### EXERCISE AIM
Once the pictures are removed, restate the listing word for word.

### DATASET CONTENT
= = = = =
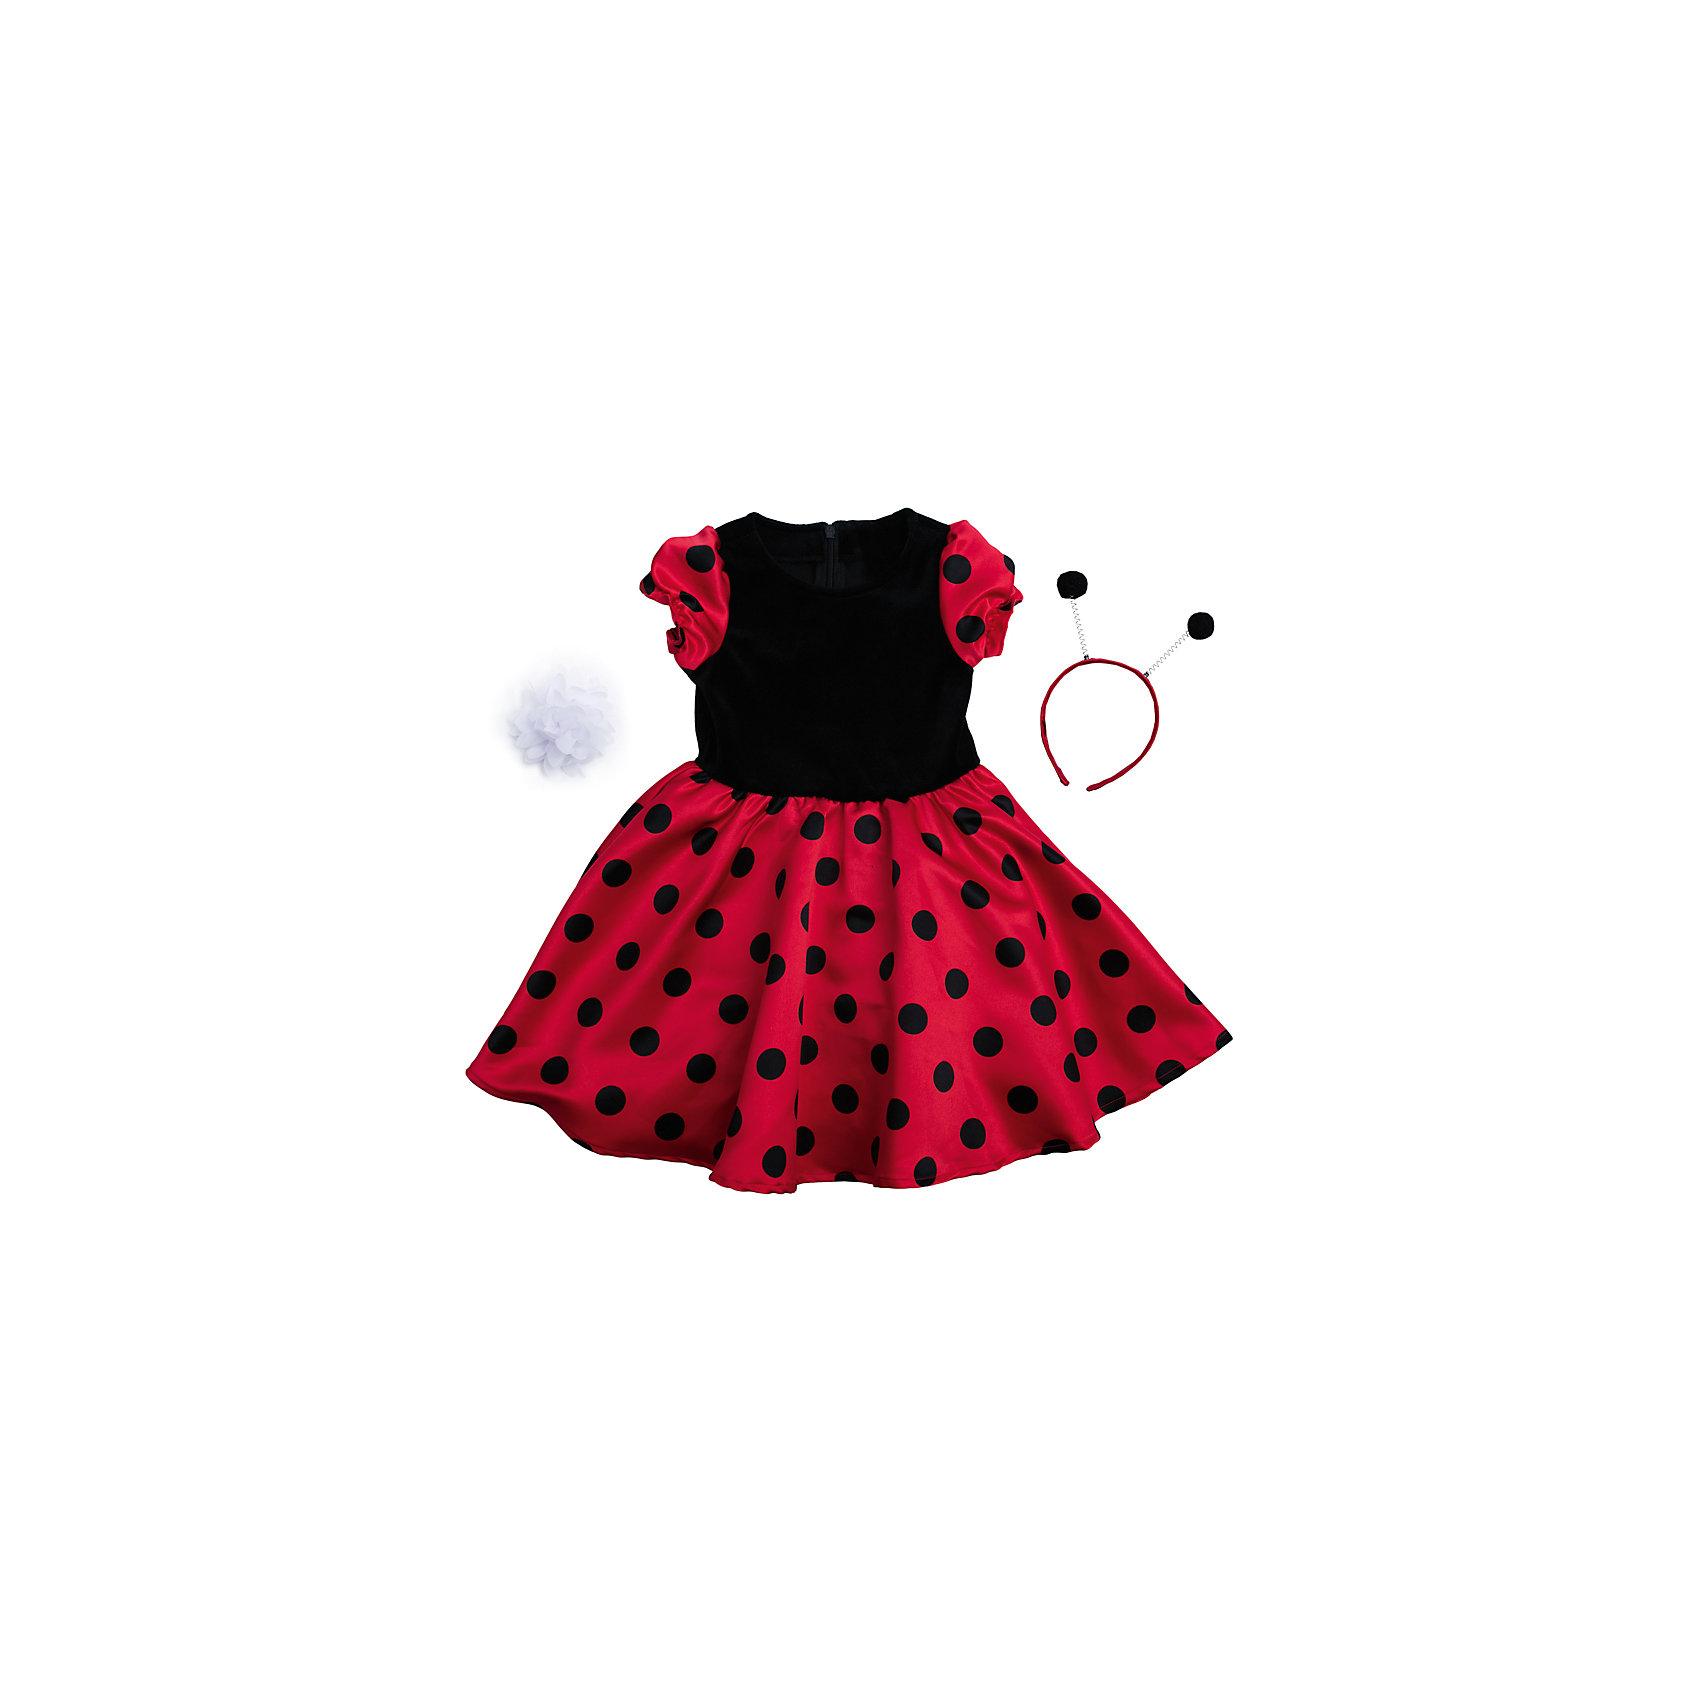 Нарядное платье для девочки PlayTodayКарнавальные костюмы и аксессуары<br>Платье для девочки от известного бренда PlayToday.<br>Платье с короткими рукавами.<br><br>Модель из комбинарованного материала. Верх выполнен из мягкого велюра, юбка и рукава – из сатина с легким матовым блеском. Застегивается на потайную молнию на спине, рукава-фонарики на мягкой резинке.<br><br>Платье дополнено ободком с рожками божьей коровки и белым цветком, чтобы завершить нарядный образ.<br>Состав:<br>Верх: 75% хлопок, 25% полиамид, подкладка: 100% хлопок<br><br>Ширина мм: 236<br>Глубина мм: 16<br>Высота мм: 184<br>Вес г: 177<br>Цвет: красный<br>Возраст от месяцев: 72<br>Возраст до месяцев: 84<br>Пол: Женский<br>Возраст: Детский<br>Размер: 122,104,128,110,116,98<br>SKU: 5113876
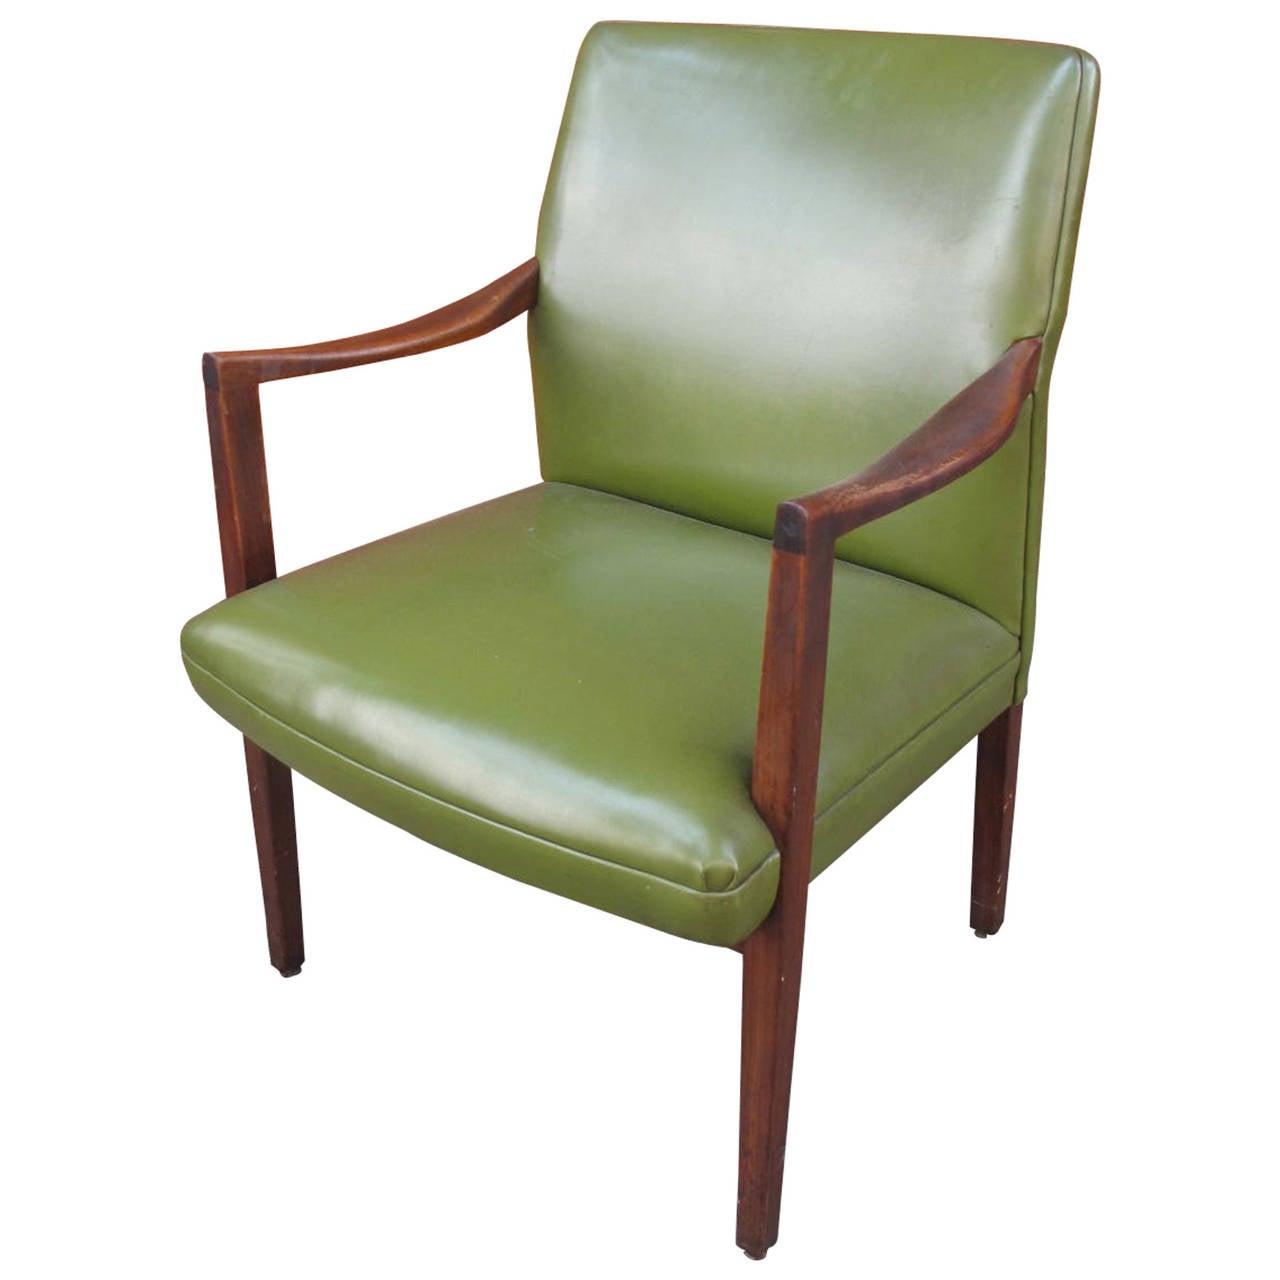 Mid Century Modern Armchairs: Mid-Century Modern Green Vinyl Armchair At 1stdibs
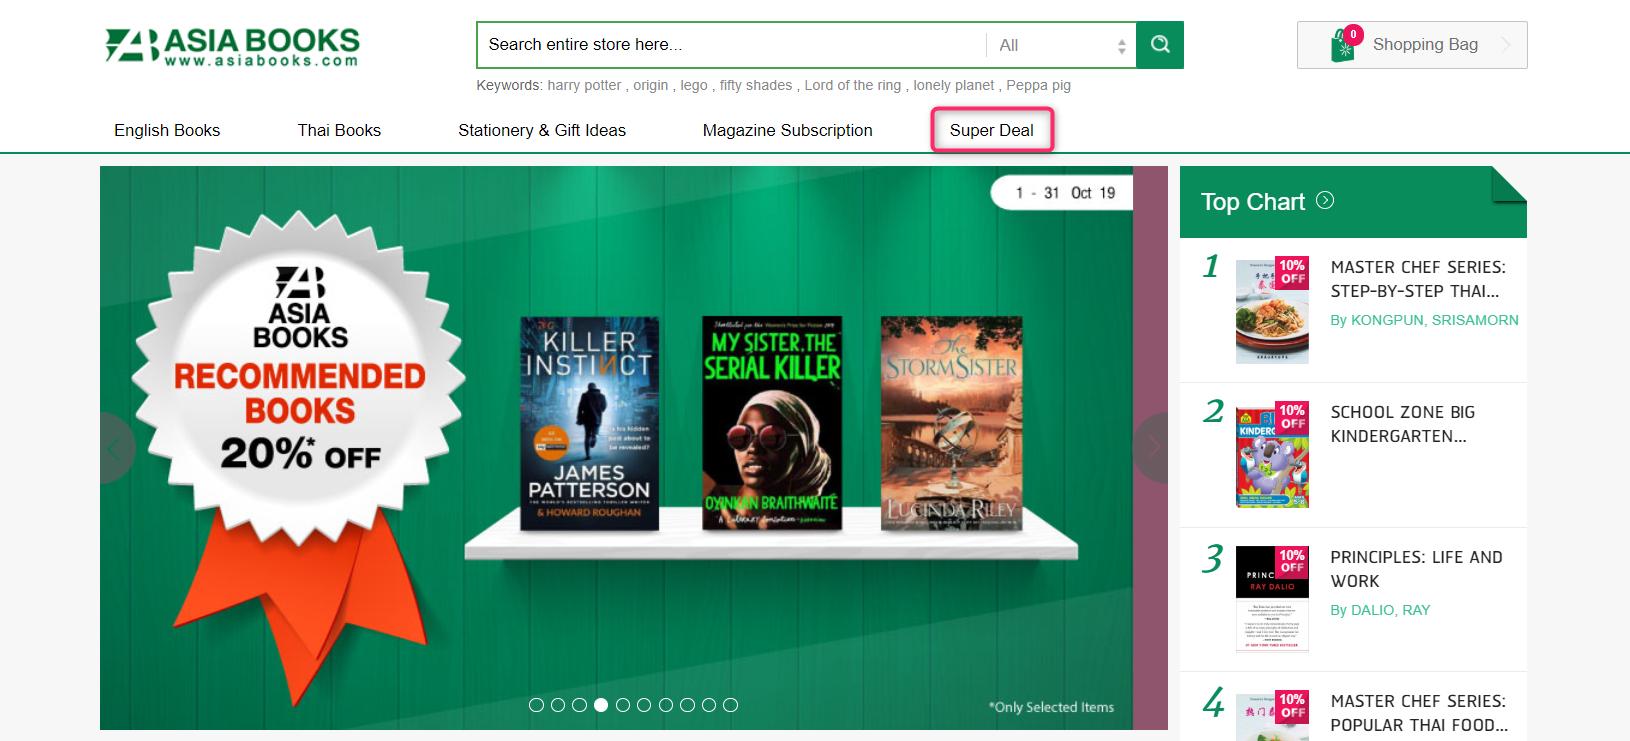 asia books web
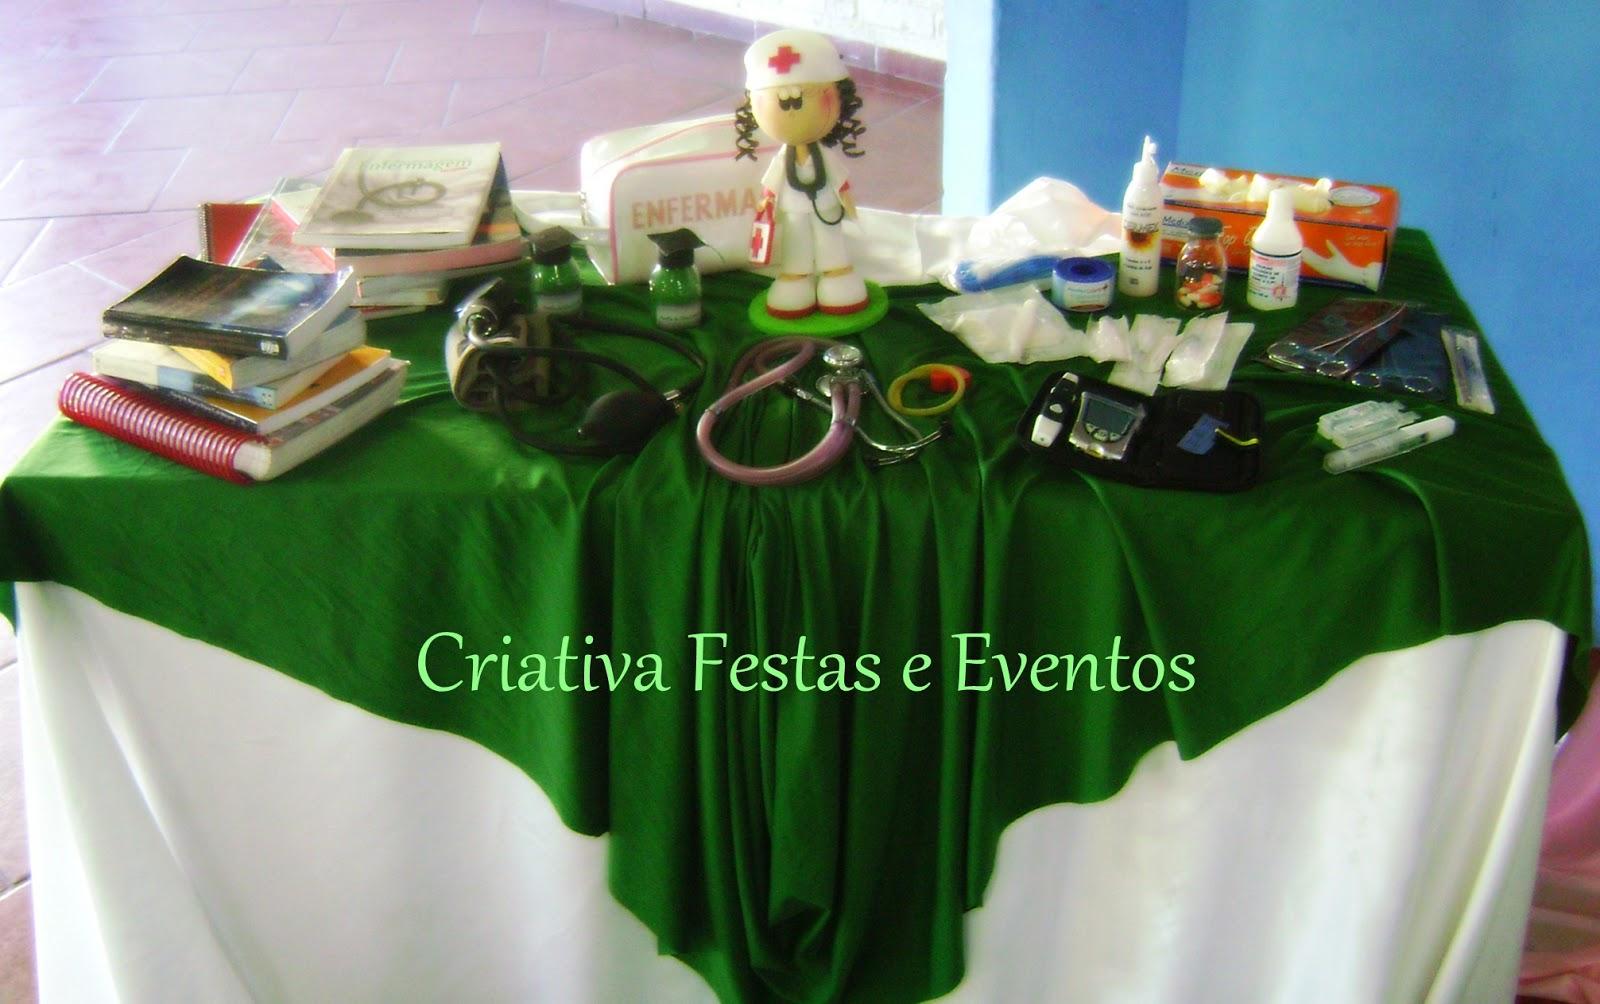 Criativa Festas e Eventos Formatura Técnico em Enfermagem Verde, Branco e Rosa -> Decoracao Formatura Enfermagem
= = = = =
### EXERCISE RESULT
 Нарядное платье для девочки PlayTodayКарнавальные костюмы и аксессуары<br>Платье для девочки от известного бренда PlayToday.<br>Платье с короткими рукавами.<br><br>Модель из комбинарованного материала. Верх выполнен из мягкого велюра, юбка и рукава – из сатина с легким матовым блеском. Застегивается на потайную молнию на спине, рукава-фонарики на мягкой резинке.<br><br>Платье дополнено ободком с рожками божьей коровки и белым цветком, чтобы завершить нарядный образ.<br>Состав:<br>Верх: 75% хлопок, 25% полиамид, подкладка: 100% хлопок<br><br>Ширина мм: 236<br>Глубина мм: 16<br>Высота мм: 184<br>Вес г: 177<br>Цвет: красный<br>Возраст от месяцев: 72<br>Возраст до месяцев: 84<br>Пол: Женский<br>Возраст: Детский<br>Размер: 122,104,128,110,116,98<br>SKU: 5113876
 Mid Century Modern Armchairs: Mid-Century Modern Green Vinyl Armchair At 1stdibs
 asia books web
 Criativa Festas e Eventos Formatura Técnico em Enfermagem Verde, Branco e Rosa -> Decoracao Formatura Enfermagem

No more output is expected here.